Da quando è aumentata (almeno in apparenza) la sensibilità ambientale nella popolazione, l’industria si è adeguata. È diventata prassi abituale utilizzare marchi con il suffisso “eco”, oppure definire un prodotto “eco-friendlytout court, oppure ancora utilizzare il verde come colore dominante nei marchi. Queste tecniche è dimostrato che garantiranno una migliore penetrabilità nel mercato dei consumatori. Un esempio per tutti: l’industria dell’auto, sicuramente una delle più inquinanti…Eppure non c’è stata marca che in questi anni non abbia puntato sul “verde”, o perché produceva auto a gpl o a metano, o perché il motore riduceva le emissioni, o perché l’auto era in parte realizzata con materiali riciclabili.

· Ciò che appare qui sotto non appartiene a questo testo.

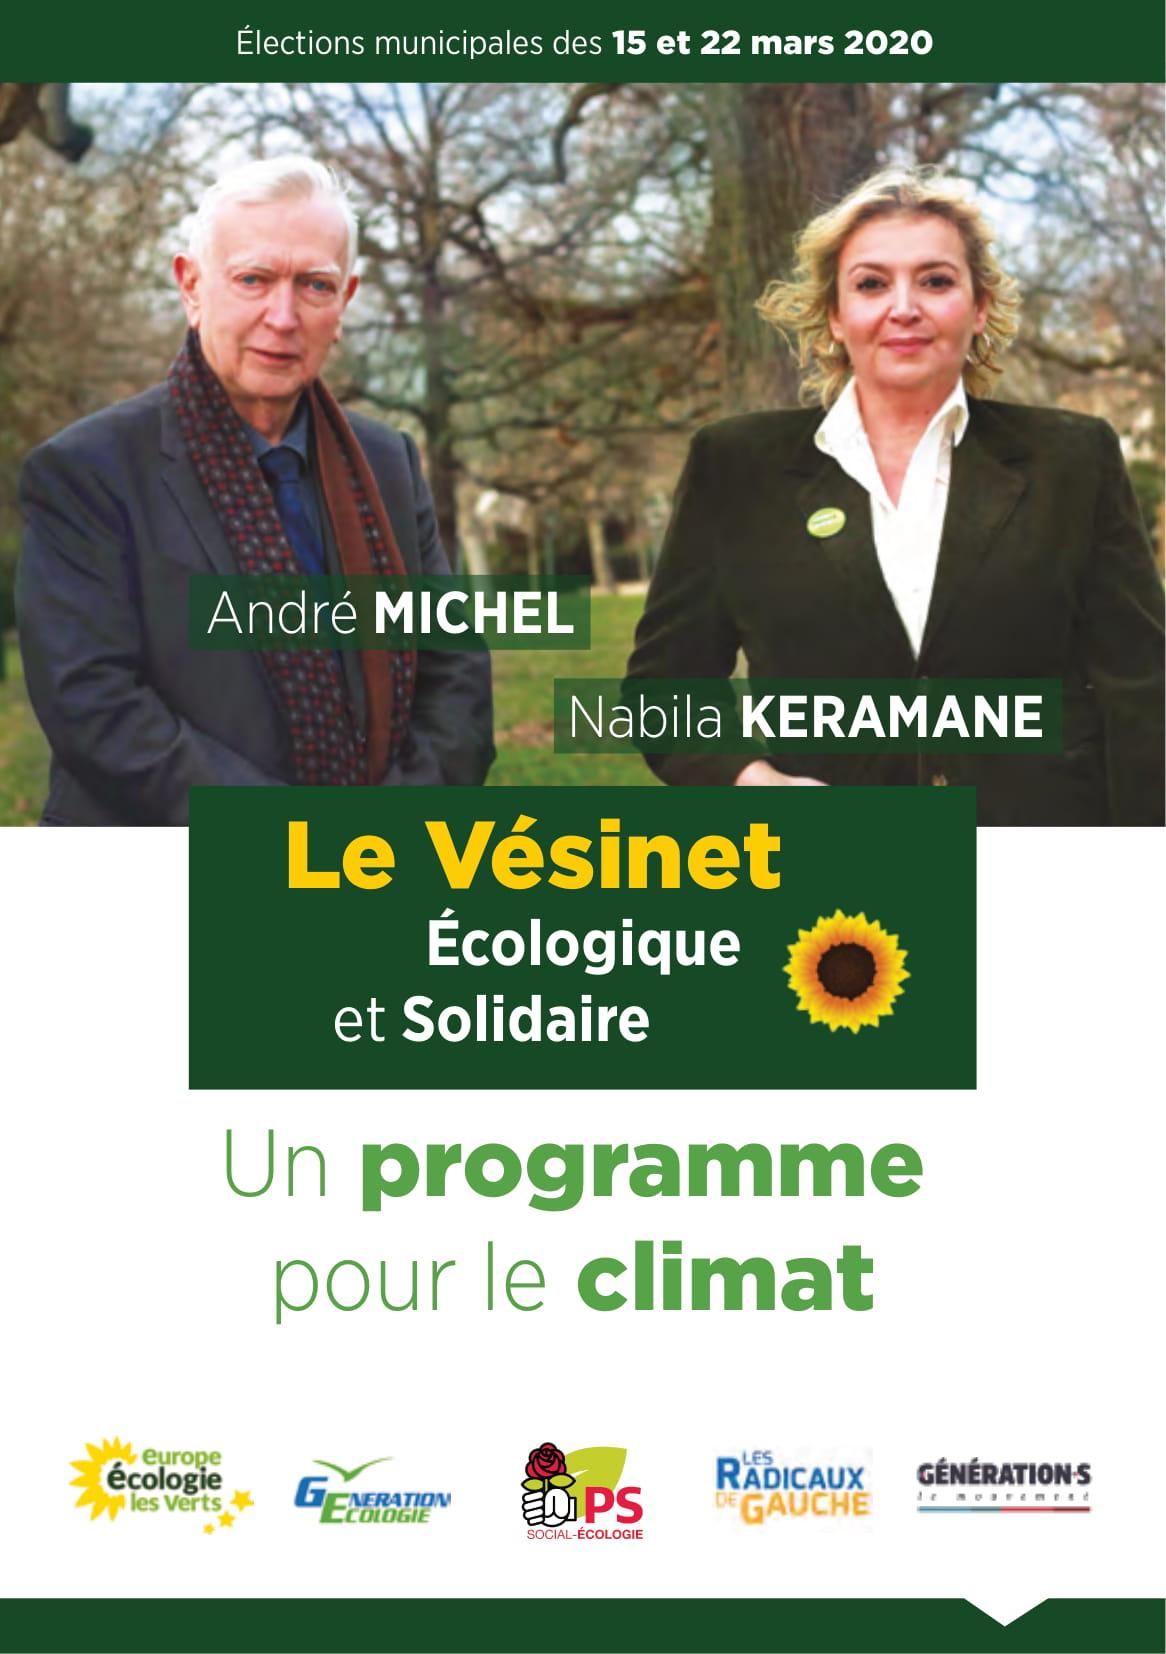 Liste « Le Vésinet – Ecologique et Solidaire », menée pour ces élections municipales 2020, par André Michel et Nabila Kéramane .

Ma da qualche decennio si è anche diffuso un fenomeno più inquietante, che va sotto il nome del neologismo “greenwashing”, letteralmente “lavarsi col verde” (termine coniato nel 1990 per evidenziare questa semplice spennellata di verde di aziende come Dupont, Chevron, Bechtel). Cioè quel fenomeno in base al quale delle aziende si attribuiscono impropriamente valenze di carattere ambientale che invece non gli spetterebbero.

Il fenomeno non è ovviamente tipico del nostro paese, ma è a livello planetario, tant’è che Greenpeace ha promosso una specifica battaglia (Stopgreenwashing) per individuare e segnalare i casi agli organismi competenti.

In Italia la pratica è all’attenzione dell’Autorità Garante della Concorrenza e del Mercato, trattandosi di casi di pubblicità ingannevole. Una delle prime pronunce di condanna relative al greenwashing fu contro la Snam per il suo slogan “Il metano è natura” nel 1996. Altre sentenze seguirono, come quelle contro le acque minerali San Benedetto e Ferrarelle, o contro la Coca Cola.

Il problema specifico è che, stante il ritorno economico che ne può avere, un’industria è forse anche disposta a rischiare una sentenza per pubblicità ingannevole: la sentenza arriverà dopo un po’ e nel frattempo nell’immaginario collettivo avrà fatto breccia l’immagine verde che l’industria si voleva dare. Il problema generale è che molte pubblicità sono sottilmente ingannevoli senza essere necessariamente sanzionabili, oppure si fanno belle di risultati in campo ambientale, quando solo una parte della loro attività o dei loro prodotti è ecocompatibile. Ad esempio un’industria alimentare che affermasse di rispettare l’ambiente perché utilizza energia da fonti rinnovabili non sarebbe sanzionabile se ciò corrisponde a verità, ma poi nei prodotti la stessa azienda usa olio di palma proveniente da deforestazioni. Ritornerò sull’argomento nel prossimo post.